Ash sits silently beside me, his jaw clenched. He hasn’t said a word since we left the Tenth, and I haven’t pushed it. He’s trying so hard to keep it together. His hair stirs gently, sensing the blood around us. We all have cuts and scrapes from the shoot-out, and Destiny’s shirt is stained with dry blood. Her wound has finally stopped bleeding; Beetle did a great job on the bandage. He patched up Ash’s arm too. Beetle’s now asleep on the bench between me and Destiny.

She glances at the glass jar on Ash’s lap. “I can’t believe we did all that for a heart.” She sighs. “Well, it wasn’t a total bust. At least we got Ash.”

I smile, my hand tightening around his. Getting him back was my priority, so I’m not too disappointed the Ora didn’t turn out to be yellowpox, although it’s going to be hard explaining to my father why we risked our lives to retrieve a thirty-year-old Lupine heart.

I check my jacket pocket, remembering the vial of silvery-white liquid I stole from the laboratory in the Tenth. I take the vial out of my syringe case. Thankfully it hasn’t broken. There’s a small label on the glass tube with F-09 WINGS written on it.

“That looks suspiciously like a Haze blend,” Ash says, glancing at the vial.
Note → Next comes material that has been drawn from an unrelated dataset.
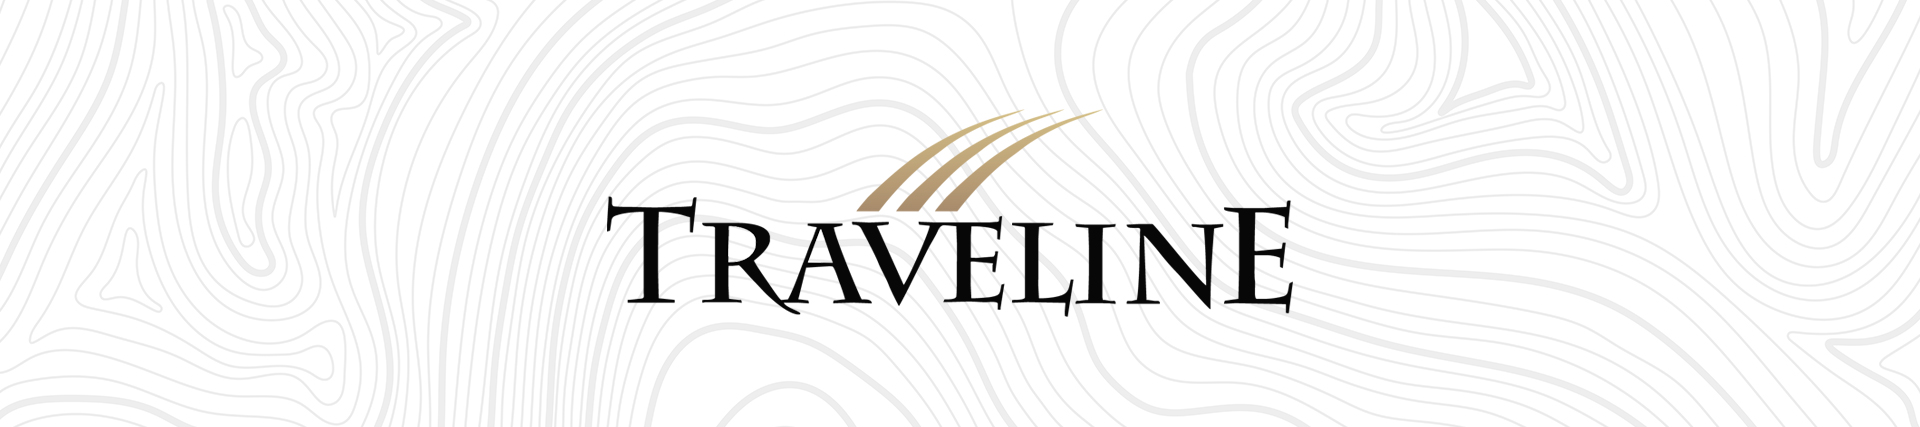 Direct Travel Continues Powerful Growth Mode with Acquisition of Traveline Travel Services
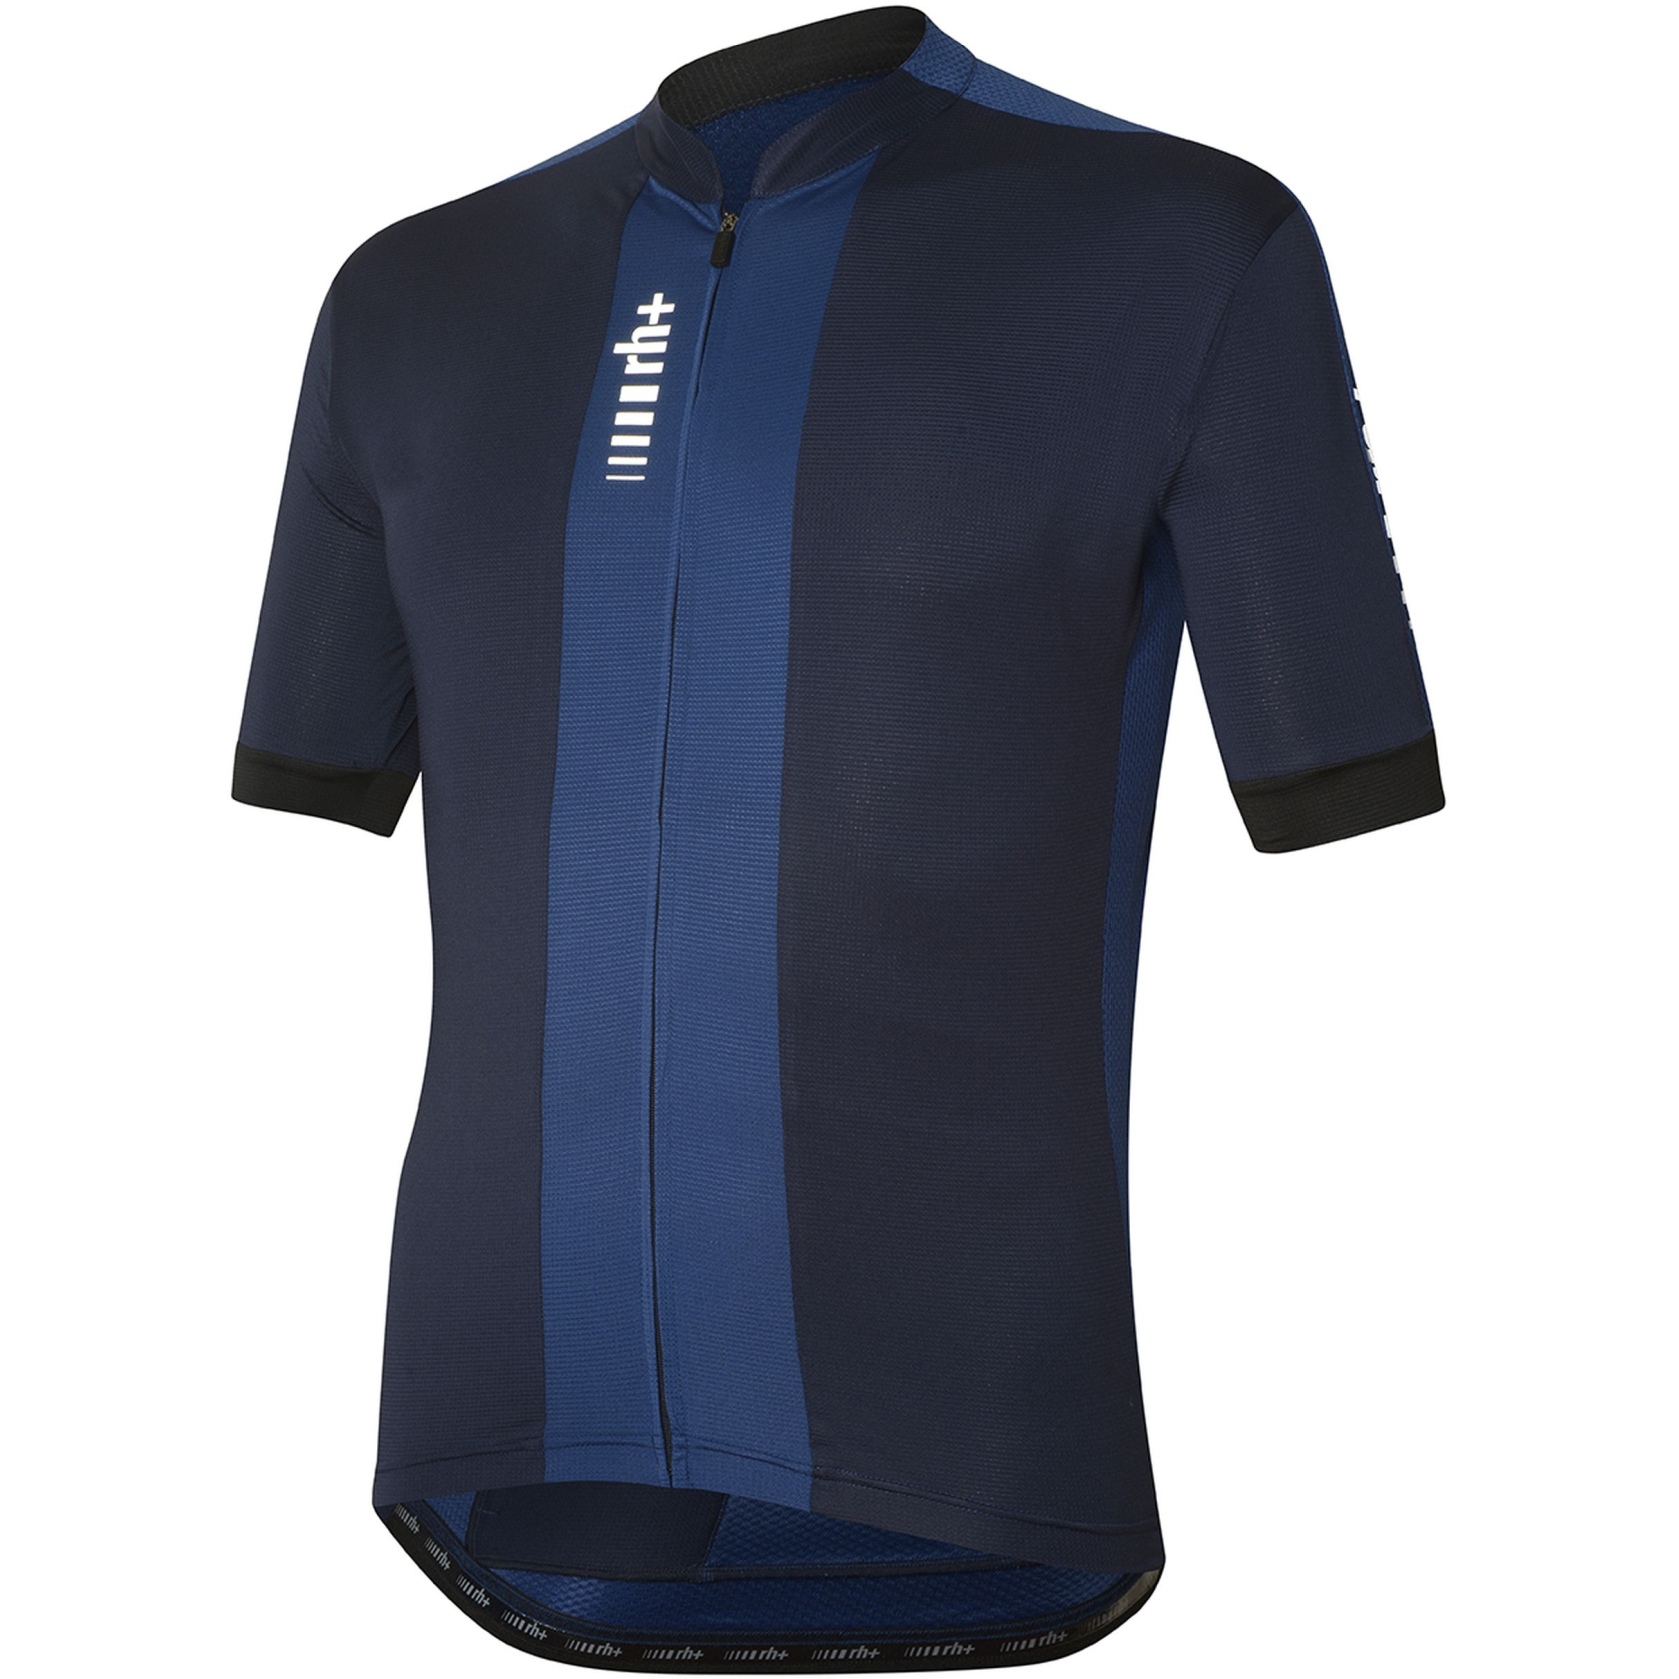 Picture of rh+ New Primo Jersey Men - Absolute Blue/Indigo/Black

“Yeah, that’s what I thought too.” I’ve had enough experience with the Golden Haze—a mix of milky-white Haze, which has a distinctively gluey consistency, and glimmering gold Bastet venom—to recognize a blend when I see one. The mix is just milky-silver instead of milky-gold. “It’s the silver stuff the Haze has been combined with that I’m curious about. Maybe it’s Night Whisper?” I muse, recalling the butterflies we saw on the laboratory. Their wings are silvery in color. But why would Purian Rose add them to the Haze?

I lift it up to the overhead light. The liquid glints, drawing Yolanda’s attention.

“What’s this?” she asks, taking it from me.

“A drug called Wings. It was in the Sentry lab back at the Tenth, along with this disc,” I say, retrieving a blue disc out of my pocket with PATIENT TRIALS scrawled on it. “I want Dr. Craven to run some tests on the drug, to see what’s in it.”

“I’d like to help with that,” Yolanda replies, passing the vial back.

I tuck it into my pocket and go up to the cockpit.

“Which way?” Acelot asks me. The cheetahlike markings down the sides of his handsome face are more pronounced in the gold light of sunset.

I point toward a smelting works on the west side of the city, which conceals the tunnel leading into the Sentry rebels’ stronghold. From an onlooker’s perspective, it just looks like we’re flying into the factory’s warehouse, which won’t rouse suspicion—it’s common to see Transporters flying in and out of factories around here as they transfer cargo. Acelot steers the vehicle through the open factory roof, and Day punches a button on the control panel. The warehouse’s false floor opens, revealing the tunnel entrance, and we fly down into the rebel compound. I return to my seat and buckle up as we land inside the aircraft hangar.